The punchline is that only about 1 in 3 of these successful exits has had/ is on track to have a similarly solid clinical impact. While 1 in 3 would ordinarily be considered a phenomenal success rate for biotechs under usual circumstances, we’re talking about the crème-de-la-crème of biotech exits, companies bought by big biotechs/pharma that are generally considered to have a veritable halo of ‘validation’. At least from a personal standpoint, I would have expected a hit rate at a minimum of 50%, which coincidentally, is the rate at which the milestones have been paid according to SRS, so the expectation is not unfounded. Even if all 7 ‘too early to tell’ companies have a best case outcome, we fall short of the 50%. As is the case if you don’t agree with some of my ‘controversial’ underperformers. I mentioned earlier that I selected for clinical stage assets only- even for the clinically de-risked products it’s hardly a 100% hit rate. Quillivant XR from the Nextwave/Pfizer alliance has already run into some issues, Shire divested its regenerative medicine unit from the acquisition of Advanced Biohealing (16x u/f to invested cap) after taking a massive writeoff. Overall, marketed products generally met the $250M u/f exit cutoff but were 2-3x-ers due to the amount of invested capital it took to get them there. Given this fact pattern, I would love to take a look at the underlying SRS data to see if it’s simply 50% of numerical milestones that have been paid or 50% by dollar volume, especially considering how backended and commercially reliant they tend to be.

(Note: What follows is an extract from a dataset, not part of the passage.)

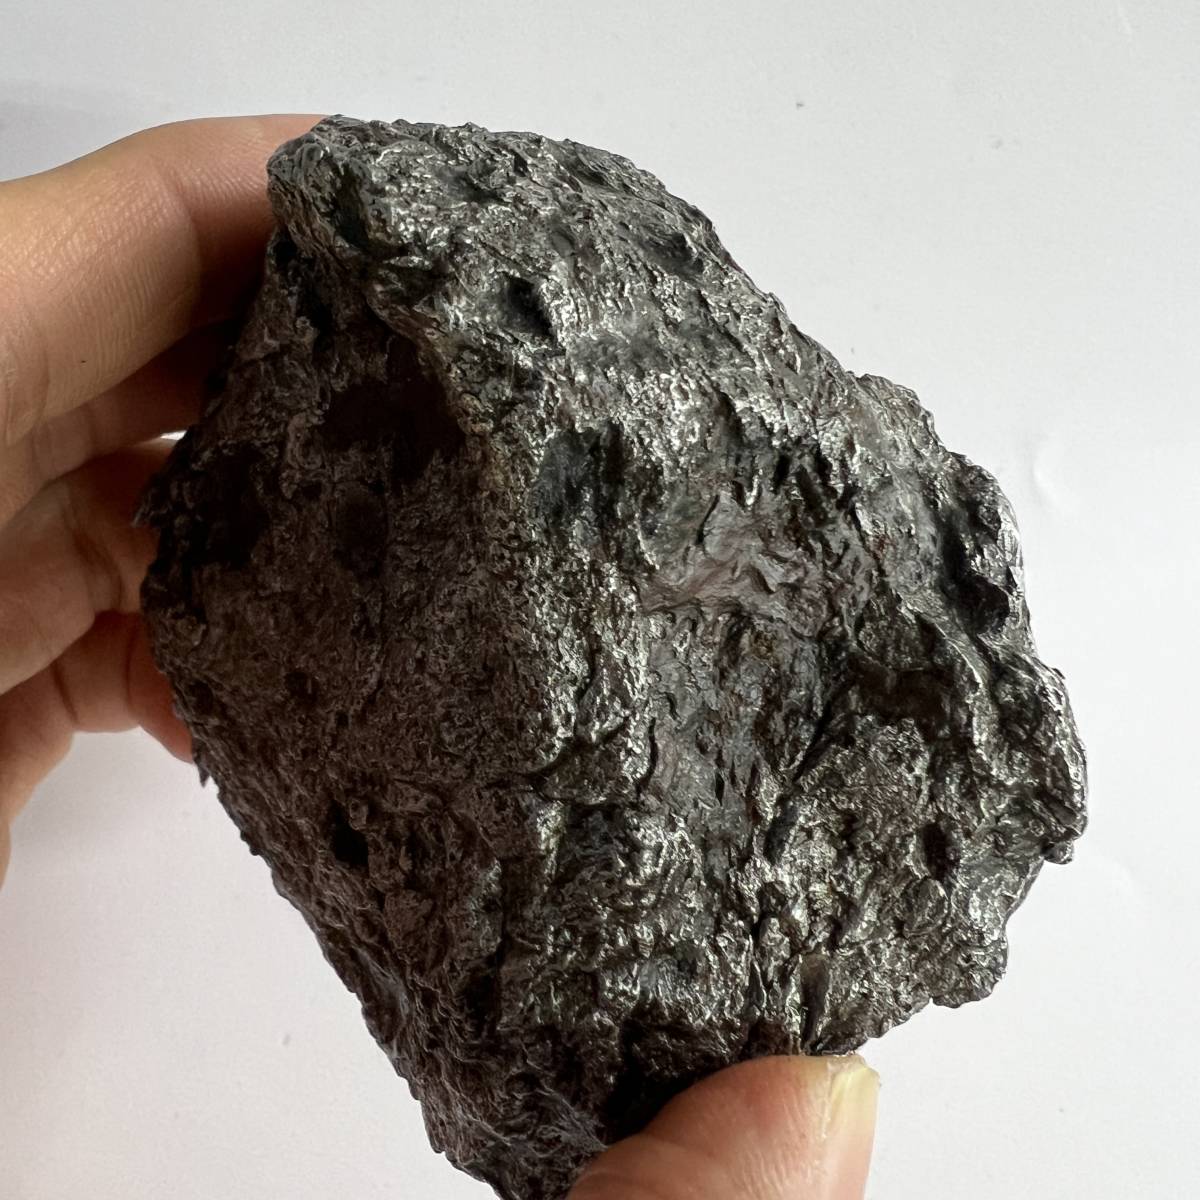 【E22242】カンポ・デル・シエロ隕石 隕石 隕鉄 メテオライト 天然石 パワーストーン カンポ
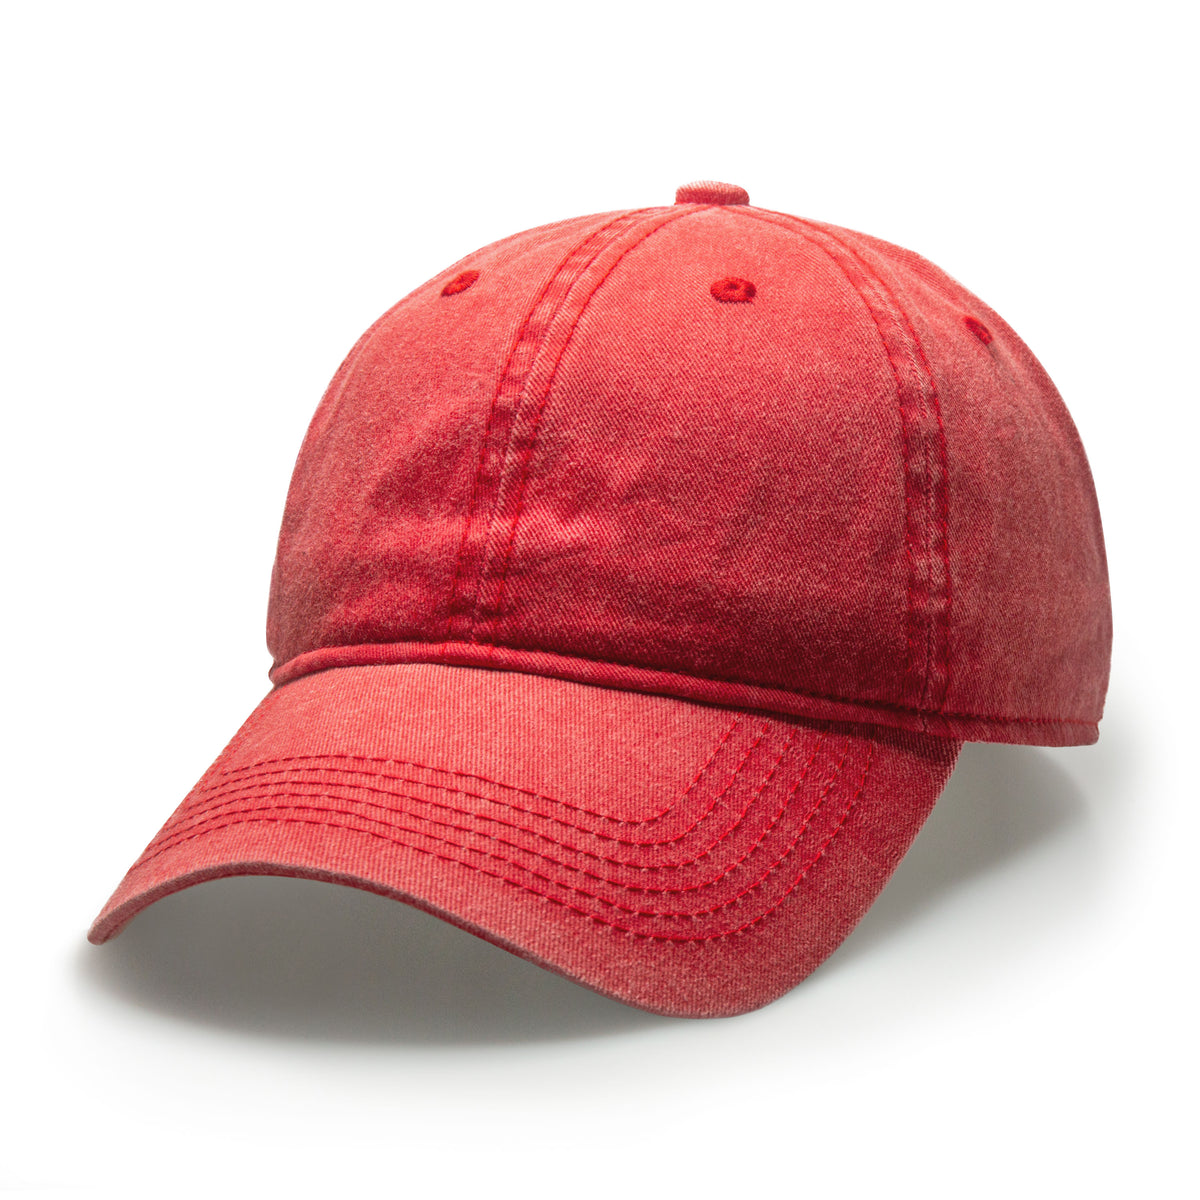 red vintage baseball cap

So far we have reasonably established that a high upfront is no guarantee of clinical success (the beauty of biotech!). But what about that inverse correlation? If we were to expand the inclusion criteria below the $250M, do we get more ‘transformative’ drugs. Well, yes, but for every Corthera (serelaxin) there is an Alnara (solipura sold by Lilly to Anthera for pennies on the dollar, certainly a <5), and a SARcode (lifitegrast, too early to tell, could go either way, just like their clinical trials!). There is however, one glaring positive outlier- orphan drugs. It isn’t an even 100%, don’t get me wrong (see Alnara), but certainly right up there. I have already mentioned Enobia as the fantastical clinical + commercial unicorn, but what of Zystor, LEAD Therapeutics, Lotus Tissue Repair, Ferrokin– all terrific drugs and that too bought at bargain bottom prices! Kudos to Alexion, Biomarin and Shire- based on this evidence I look forward to tracking Zacharon’s and Taligen’s progress in the clinic.

Deal value:

Speaking of bargains, how do these drugs stack up from a deal value standpoint? A PI3K with $300M revs is a lot more valuable for $50M upfront vs the other way round. And, if big biotech/pharma is looking at this inverse u/f-drug value correlation, what can we expect in the future?

Stay tuned for part 2…

This article was originally published on Biotech VK at the following link … Private Biotech M&A Scorecard: Excellent financial exits, middling clinical returns (Part 1)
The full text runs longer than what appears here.